Thursday, September 07, 2006

EVER WONDER WHAT PEOPLE ARE THINKING?

I do. All the time. At least once a day I wonder, what the hell was that person thinking? I don't always mean it as a substitute for "why are you a moron?" Sometimes, like in the first article below, I wonder how you parse the issues out and reach a decision if you are in that person's shoes (the daughter, not the father).

First, the Sun-Times reports that a woman was taking her father on "one last train trip." He was 80 and had lung and brain cancer. They boarded an Amtrak train in San Francisco, bound for Chicago. Apparently on Sunday, outside of Glenwood Springs, Colorado, her father died. On a train already headed for Chicago. Which is where (generally) they are from. The woman apparently knew what it would cost to ship her deceased father's remains from Colorado to Chicago, and did not have the money to do it. So she didn't report the death. For 23 hours. Until she got to Chicago.

I know what you are thinking. She killed him and this story is her cover for the homocide. Apparently the Chicago Police Department already thought of that. They say that autopsy results show that the man died of natural causes. So what we have is an apparently well meaning daughter, taking her very ill father on an epic train trip (without delays it is 51 hours, 20 minutes). And he passes away. And now there is nothing to be done, and he is dead anyway, and if he is taken off in Colorado, there is no way to get him home anyway. So, it what do you do?

Next, we have a head-slapping moment from India. The Christian Science Monitor reports on India's ongoing efforts to rename cities to remove the colonial taint from their names. Some of the names are obvious, and frankly for that reason, kind of stupid. For instance: Calcutta becomes Kolkata; Pondicherry becomes Puducherry; Bangalore becomes Bengaluru. However, when Madras becomes Chennai, or Bombay becomes Mumbai, you just have to know the cities. You probably would not guess. Apparently there is even talk of changing the name India, either to Hindustan (in a country with 138 million Muslims (more than 50 million more people than live in Egypt), 24 million Christians (twice the size of the population of Belgium), and 19 millions Sikhs) or Bharat. As a process, disposing of colonial names is a tried and true activity in post-colonial countries. However, India has been free of the British for over 50 years. Furthermore, one of the drivers of India's dynamic growth has been outsourcing activities that make use of the ability of the population to speak English. Going out of your way to remove English names from the geography of the country may not be sending the right message. Indians politicians, what are you thinking?

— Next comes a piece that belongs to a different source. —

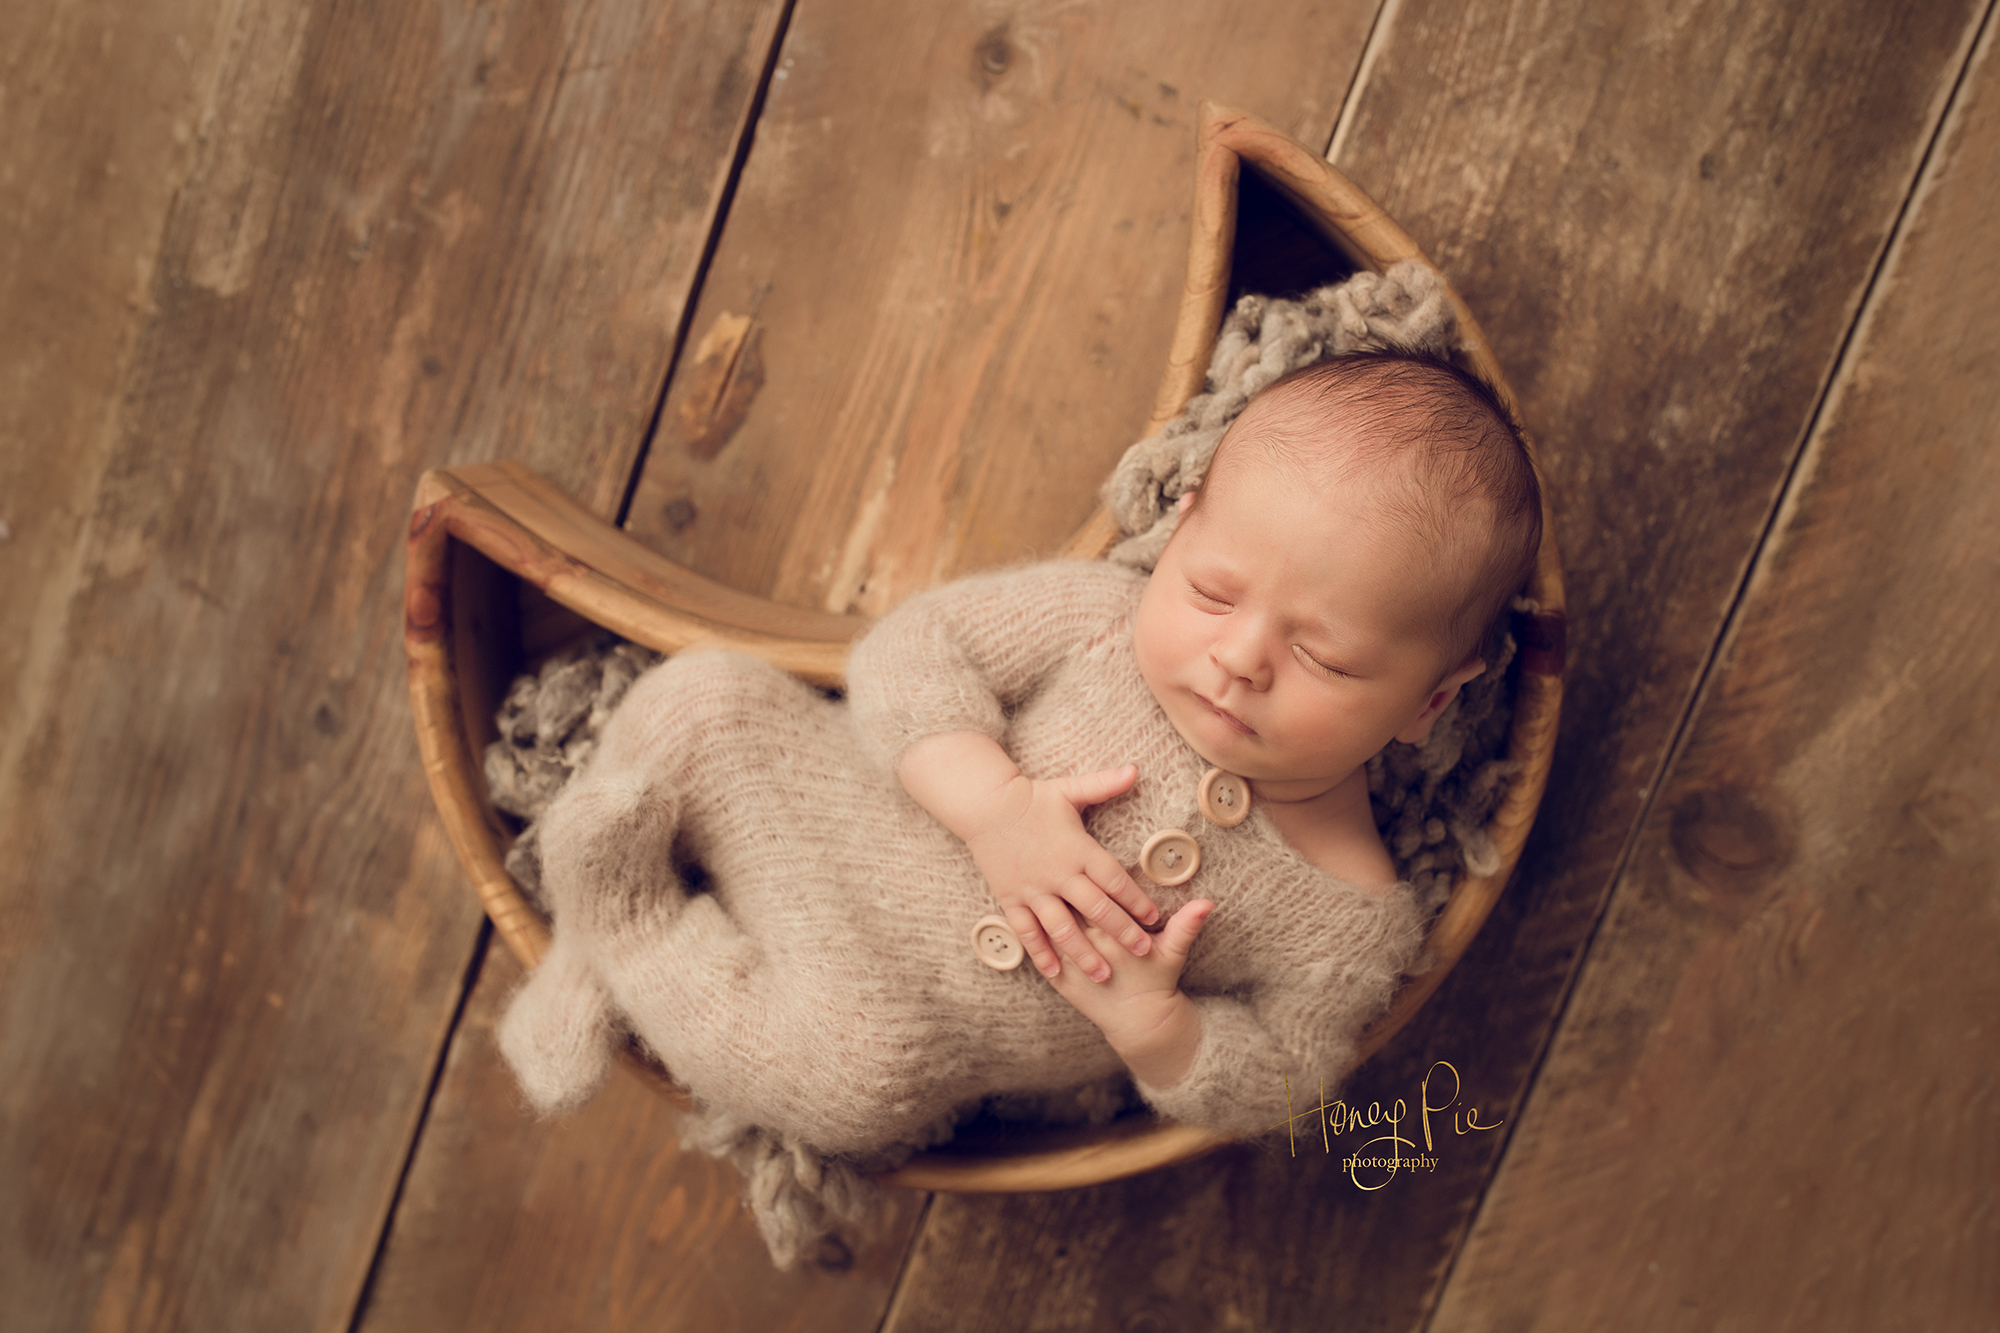 Baby boy fast asleep in a moon at a photoshoot wearing a fluffy soft romper suit
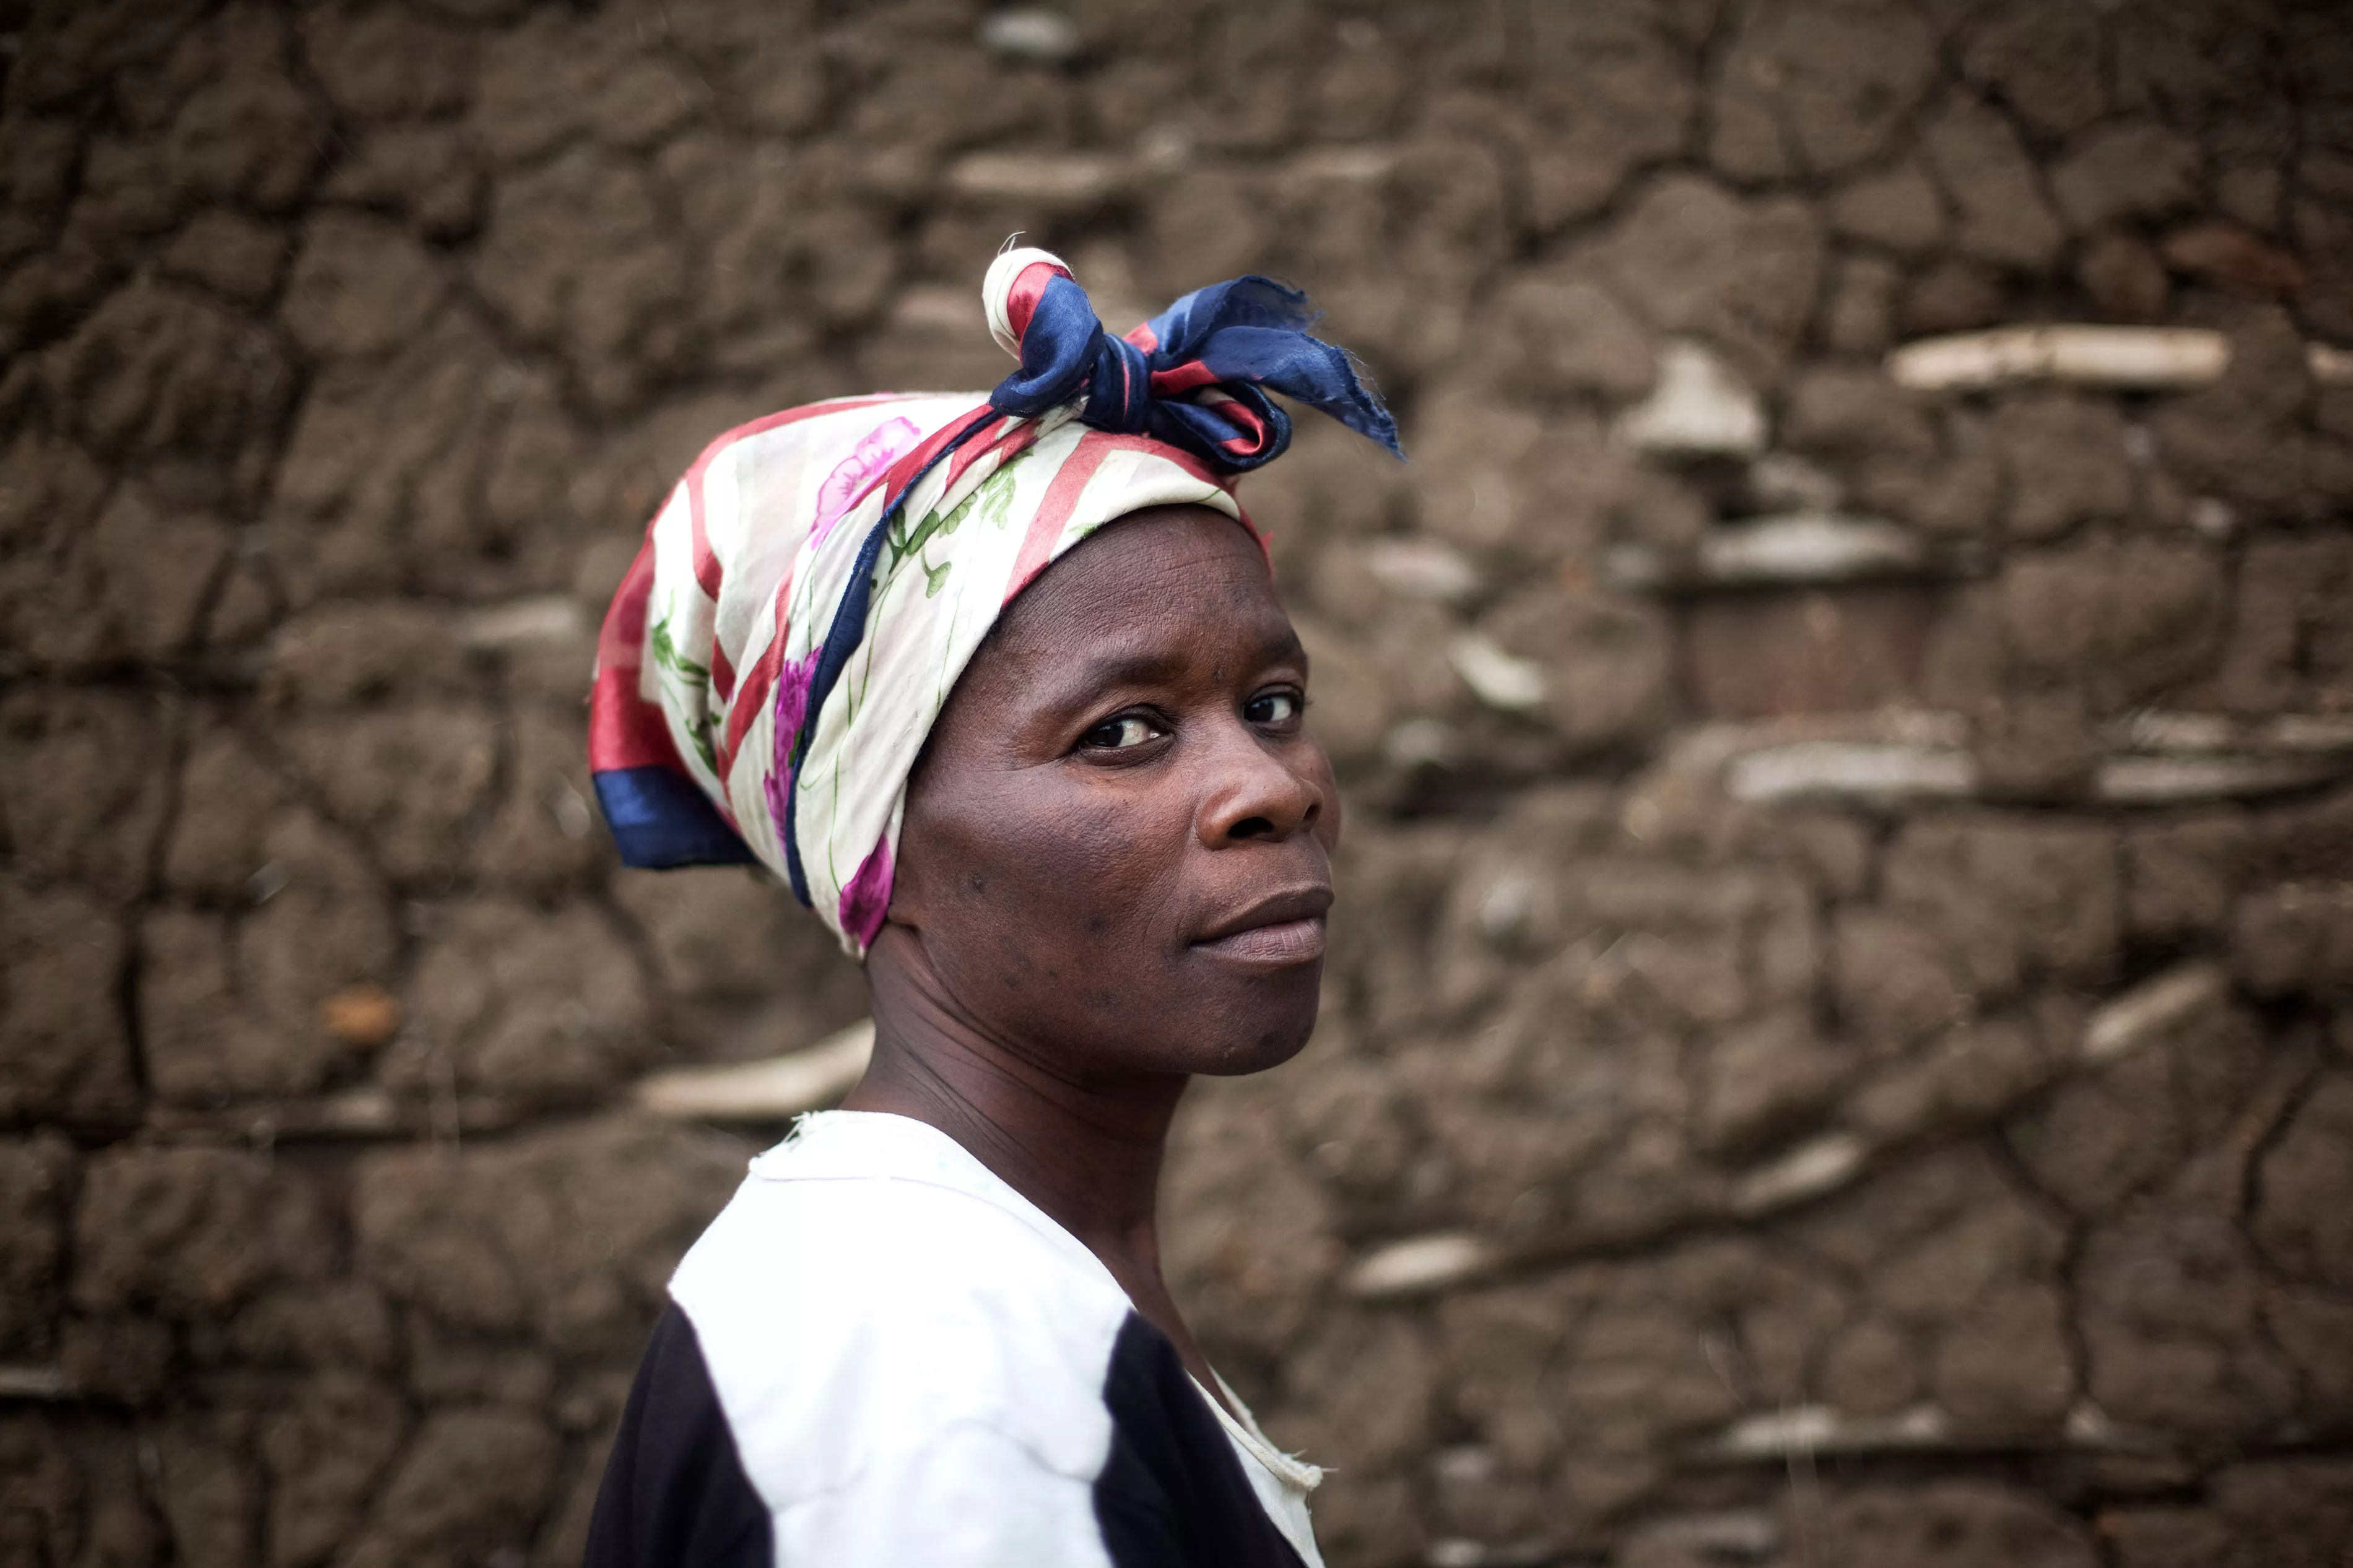 A person living with HIV on ART from Mnyatsini village in the Shiselweni region, south of Swaziland.

Finally, in Philadelphia they have decided to put the city's second most important monument in the city to its rightful place outside the Philadelphia Museum of Art. Apparently there was some sort of argument that a monument to a fictional character played by Sylvester Stallone outside the main art museum in America's fifth largest city was not appropriate. What are they thinking? The real reasons to not have the Rocky monument there are Rocky III (with Hulk Hogan and Mr. T), Rocky IV (with Dolph Lundgren, Brigitte Nielsen, and the line "I must break you"), Rocky V (with Tommy Morrison), and apparently a Rocky VI to be called Rocky Balboa. Each of those is a reason to take the statue down, and melt it down to make pop cans, or something useful.